NA: not available, RFS: recurrence-free survival, BCR: biochemical recurrence.

The urinary continence rate in the primary non-radiation-treatment group (HIFU, electroporation, proton beam therapy, cryotherapy, focal vascular targeted photodynamic therapy, and transurethral ultrasound ablation) was 67% versus 55% in patients formerly treated by RT.

3.4. Oncological Results

The median follow-up ranged from 4.6 to 94 months (36, 22, and 39.5 months, respectively, in laparoscopic, robotic, and open approaches). Biochemical recurrence ranged from 8% to 51.5% at 12 months, from 0% to 66% at 22 months, and from 48% to 59% at 60 months. Specific and overall survival rates ranged from 13.4 to 98% and 62 to 100% at 5 years, respectively (Table 3).

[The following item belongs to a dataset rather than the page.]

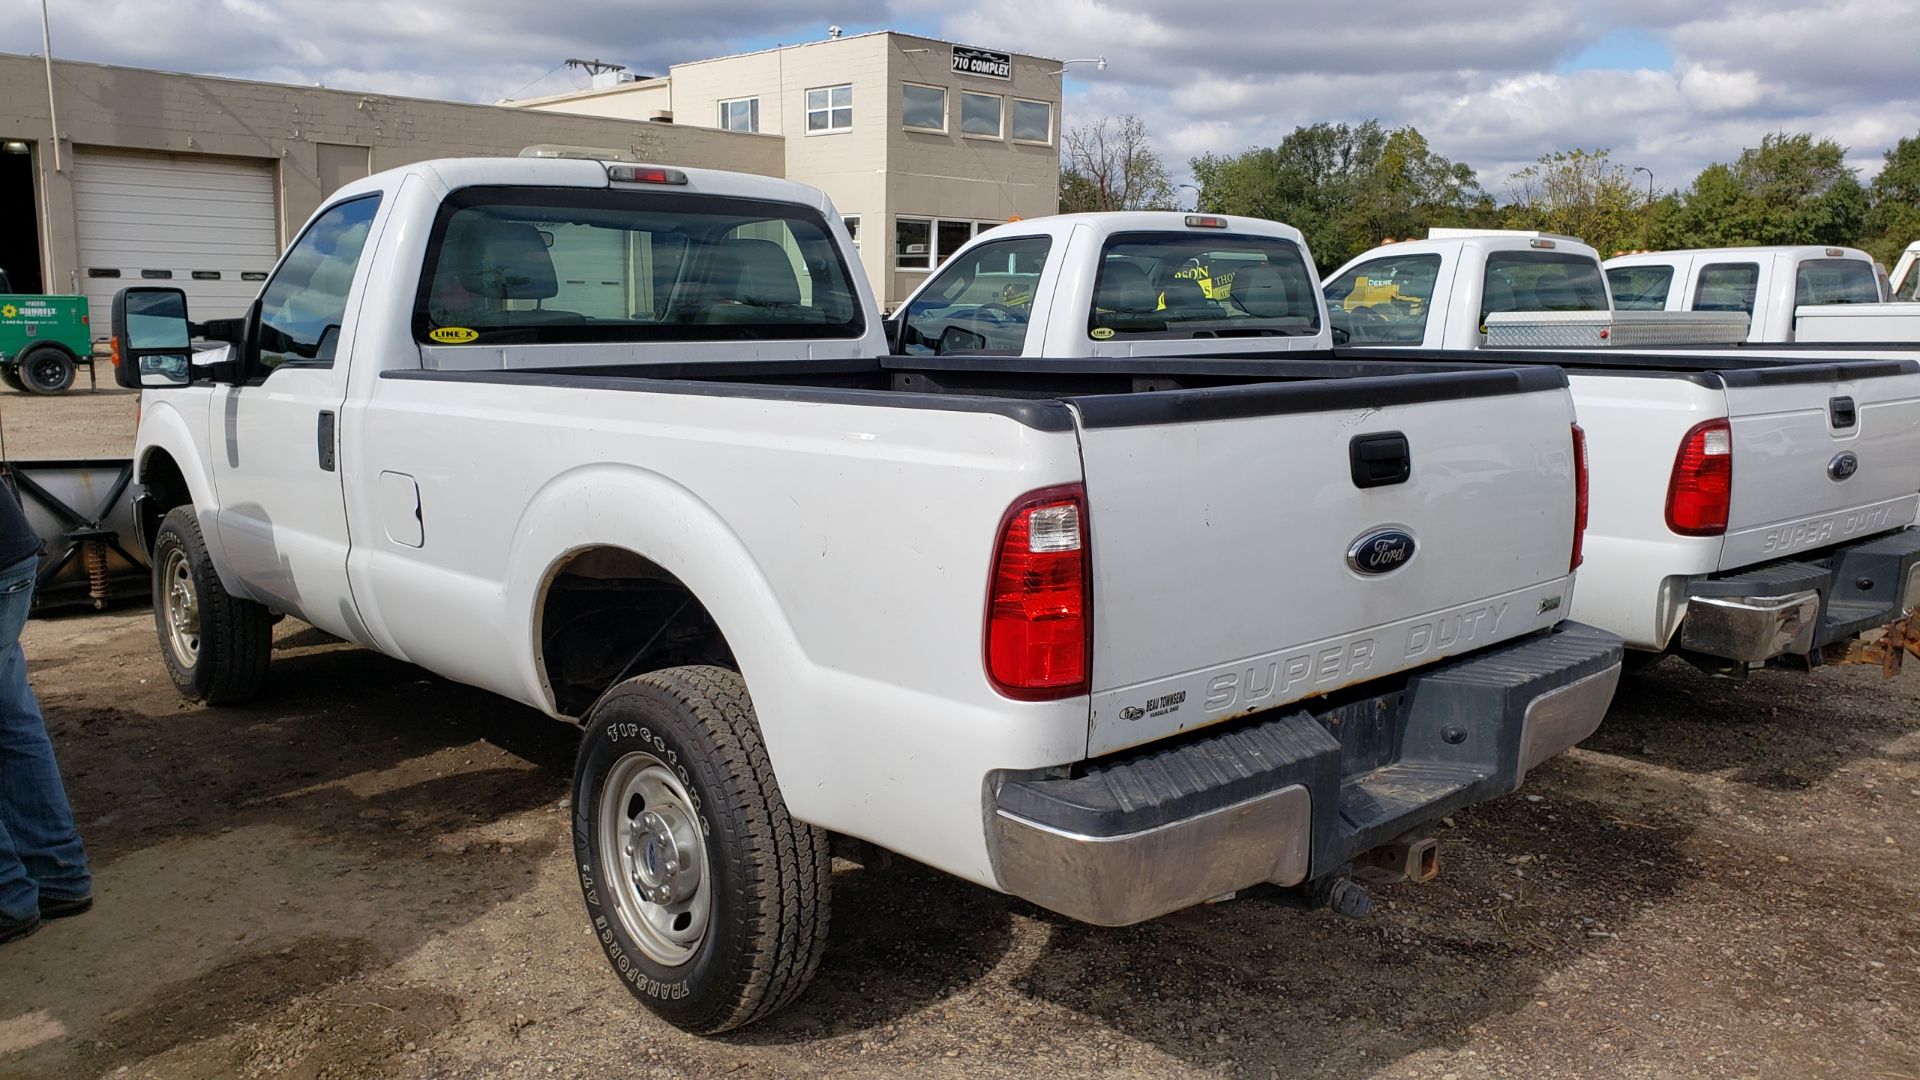 2012 Ford F350 Super Duty Pickup Truck, 8’ Bed, 4x4, 6.2 Liter Gasoline Engine, Automatic, Air, - Image 6 of 19

The rates of BCR were 20%, 27%, and 47%, respectively, in laparoscopic, robotic, and open approaches. Overall survival was 100% and 98% in the laparoscopic and robotic groups, respectively, and 74% in the open surgery group. The rates of BCR were 36% and 21% in the group of patients treated by non-radiation therapy and RT, respectively. Overall survival was 98% in the group of other primary treatments and 85% for patients treated by RT.

4. Discussion

sRP for recurrent PCa after primary non-surgical treatment failure is challenging for urologists due to its aggressive features and technical demands. The majority of PCa patients who present recurrent disease after RT are therefore treated with palliative ADT while a salvage treatment initiated early may change the disease course. As a result, only 1% of the patients recurring after RT indeed undergo salvage surgery [65].

In the present systematic review, we found that sRP may represent a good alternative that can be provided to carefully selected patients. It may lead to a durable response if initiated early and may delay progression and use for systemic therapies.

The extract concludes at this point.